### EXERCISE BRIEF
After finding the line with "Statement Glittering Necklace" in the entries below, retype exactly each line from there through the line with "W' Simple Pant Blue One Washed Carhartt WIP", including that final line.

### GIVEN INFORMATION

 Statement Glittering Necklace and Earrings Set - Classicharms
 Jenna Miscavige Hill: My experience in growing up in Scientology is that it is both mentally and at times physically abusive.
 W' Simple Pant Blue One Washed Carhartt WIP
* * *
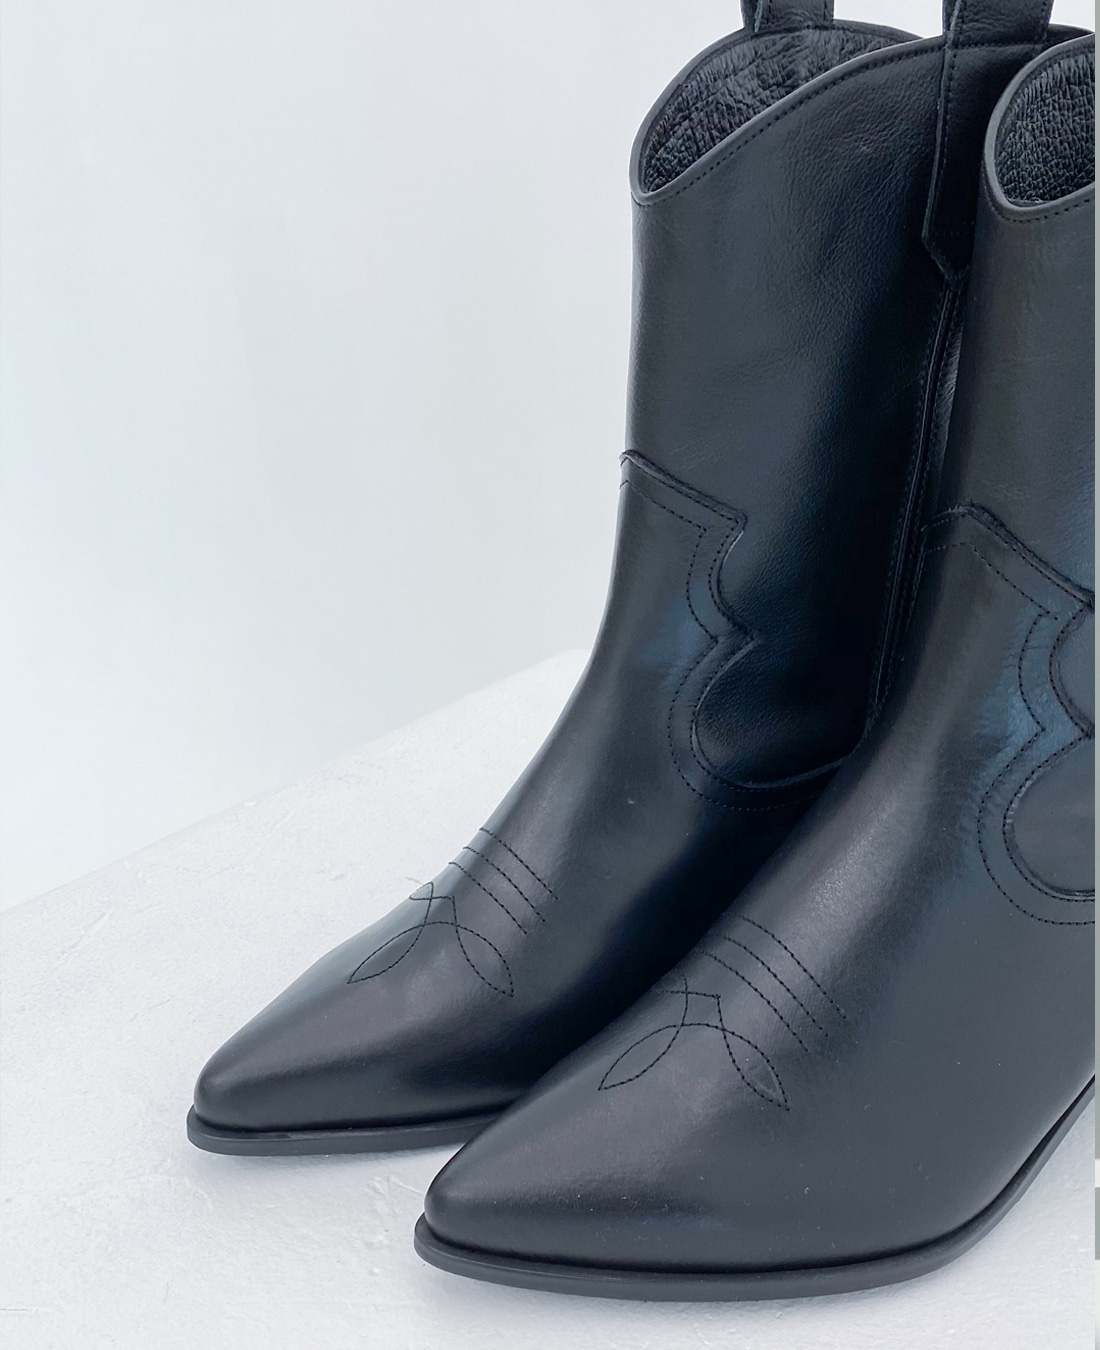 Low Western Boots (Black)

### YOUR SOLUTION
 Statement Glittering Necklace and Earrings Set - Classicharms
 Jenna Miscavige Hill: My experience in growing up in Scientology is that it is both mentally and at times physically abusive.
 W' Simple Pant Blue One Washed Carhartt WIP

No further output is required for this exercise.